Does surgical intervention, particularly multilevel surgery, for obstructive sleep apnea (OSA) decrease depression and sleepiness?
Background: Previous studies have reported a consistent association between OSA and depression. Associations between sleepiness and sleep-related conditions have been well documented. Sleepiness has not always been a reliable clinical indicator for OSA but has been an independent risk factor associated with depression. The impact of multilevel surgery on depression has not been investigated.
Explore this issue:December 2014
Study design: Prospective cohort study of 44 patients who underwent surgery between August 2008 and November 2012.
Setting: Department of Otolaryngology–Head and Neck Surgery, Johns Hopkins Medical Institutions, Baltimore.
Synopsis: Forty patients had moderate or severe OSA, while four patients had mild disease. Single-level surgery was performed in 11 patients; the remaining 33 underwent either two- or three-level surgery. Overall, oropharyngeal surgery was performed in 41 patients, tongue or hypopharynx surgery was performed in 31 patients, and nasal surgery was performed in conjunction with palatal or tongue-base surgery in 16 patients. Surgery relieved depression in nine of 12 patients. There was a significant decrease in Beck Depression Inventory scores in patients who underwent two- or three-site surgery; patients who underwent single-site surgery showed no decrease.

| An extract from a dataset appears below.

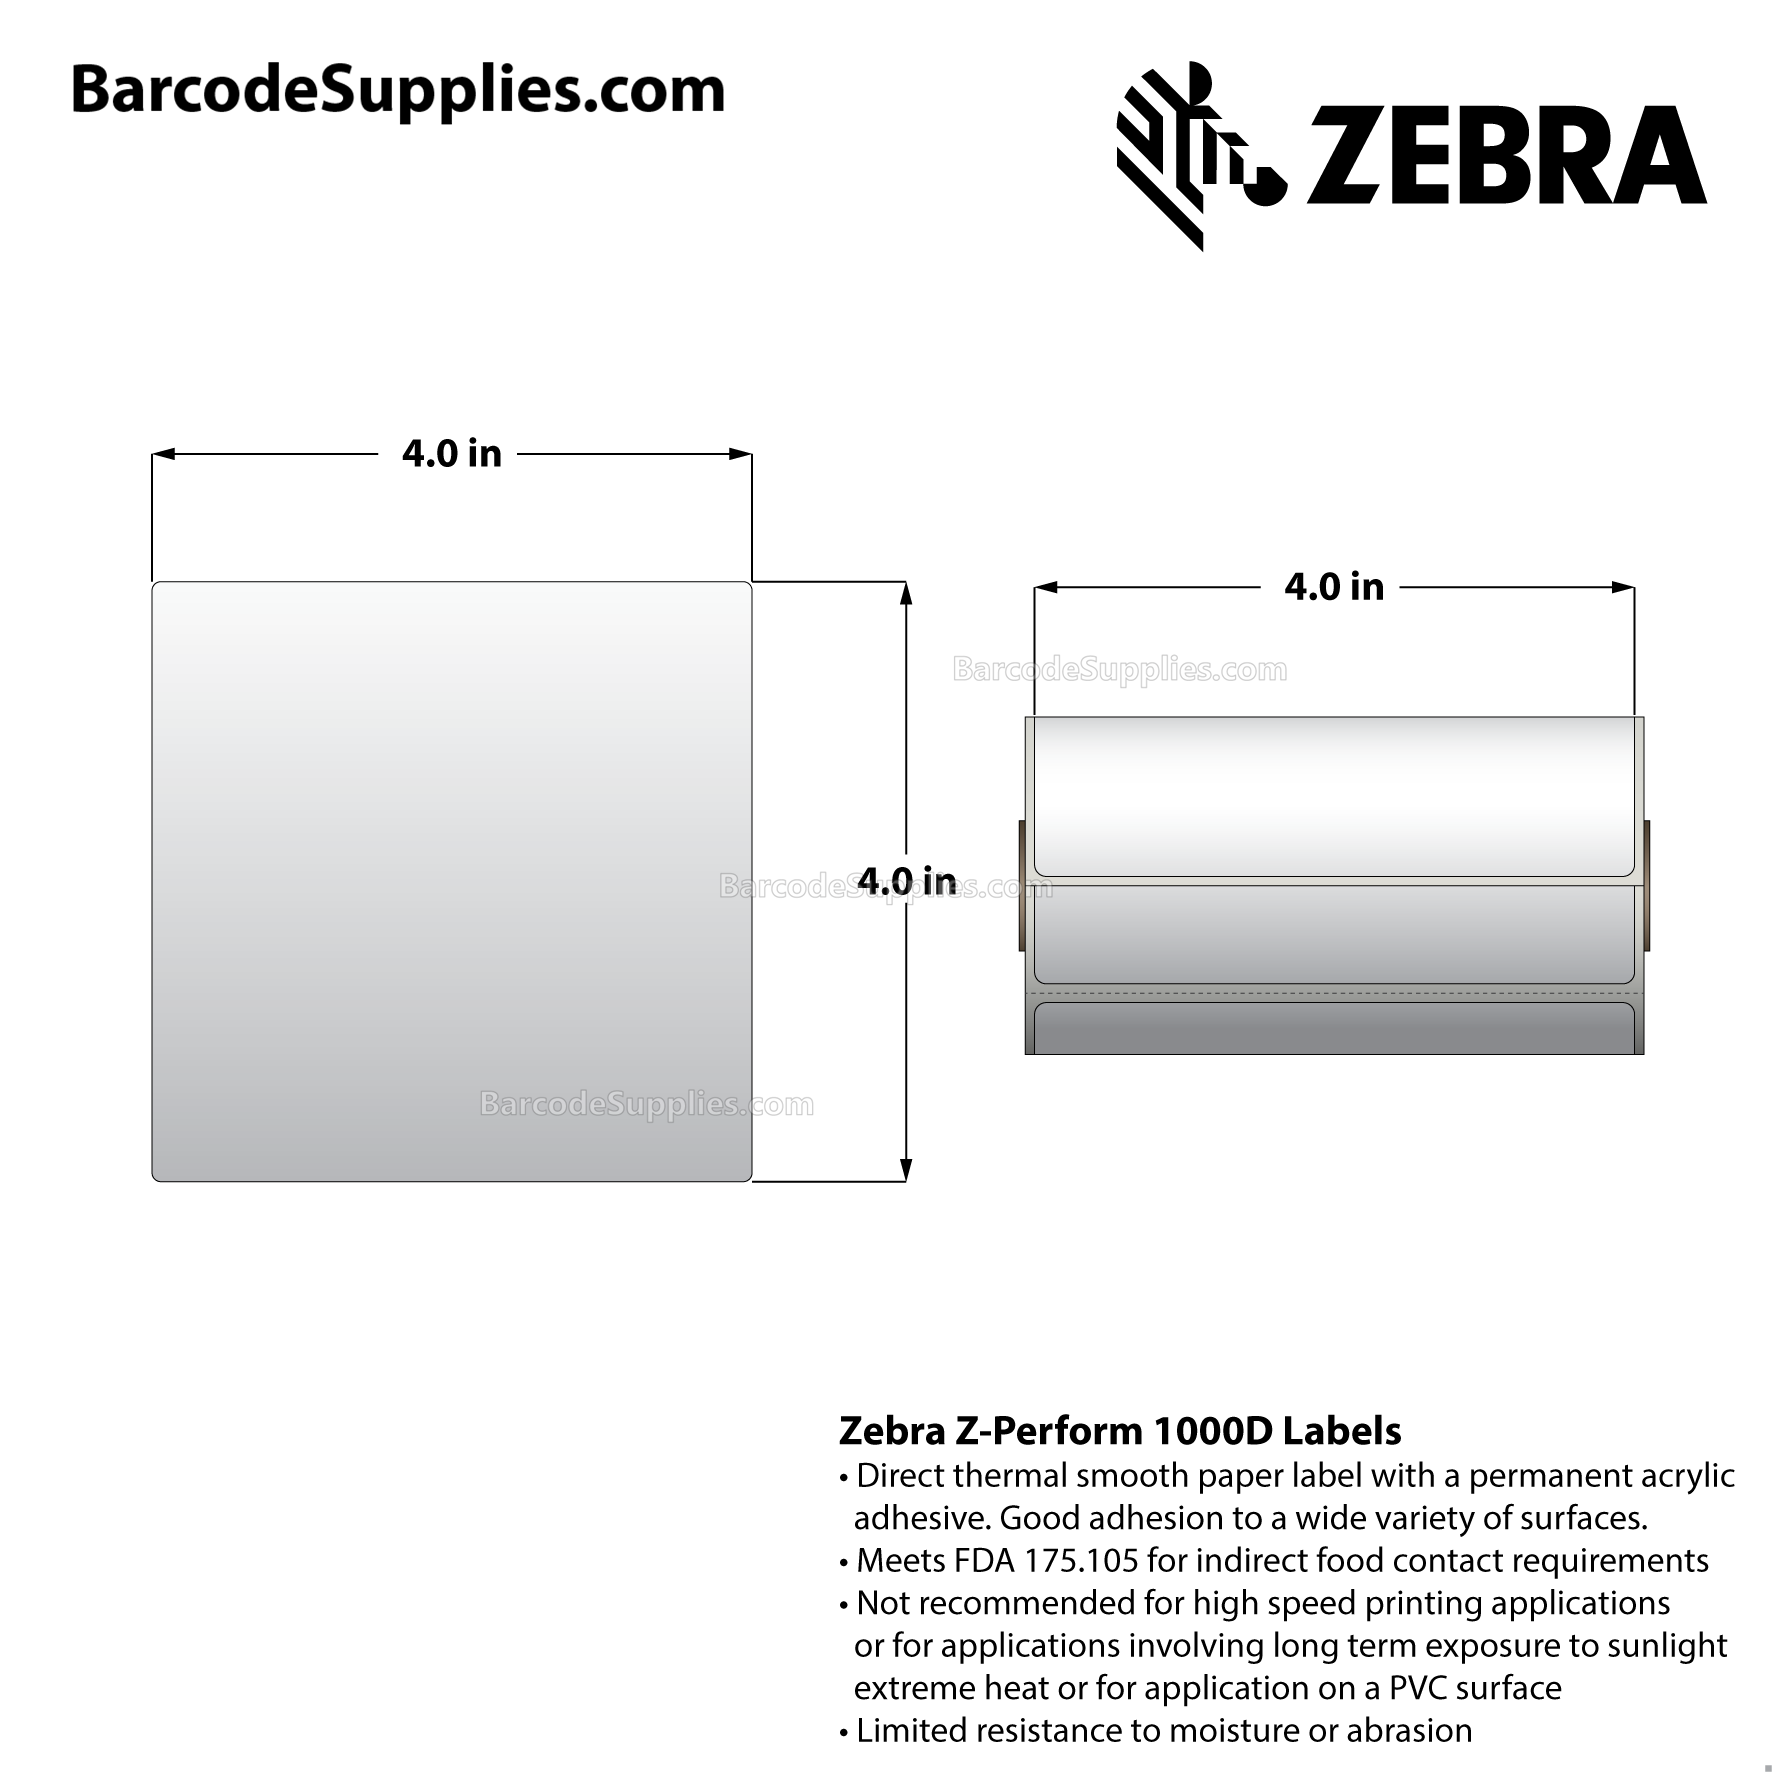 4 x 4 Direct Thermal White Z-Perform 1000D Labels With Permanent Adhesive - Perforated - 120 Labels Per Roll - Carton Of 36 Rolls - 4320 Labels Total - MPN: 10026374

None of the six patients with mild OSA experienced depression. OSA surgery was associated with sleepiness resolution in 17 of 22 patients. There was a significant decrease in Epworth Sleepiness Scale scores in patients who underwent two- or three-site surgery; patients who underwent single-site surgery showed no decrease.
Limitations of the study include a selection bias favoring more severe symptoms, lack of a control group, and a possible underestimation of depression changes due to an early follow-up.
Bottom line: Multilevel OSA surgery resulted in significantly reduced depression (with resolution in 75% of patients) and significantly reduced sleepiness (resolution in 77% of patients). Sleepiness score reduction, but not OSA severity, was predictive of depression score improvement.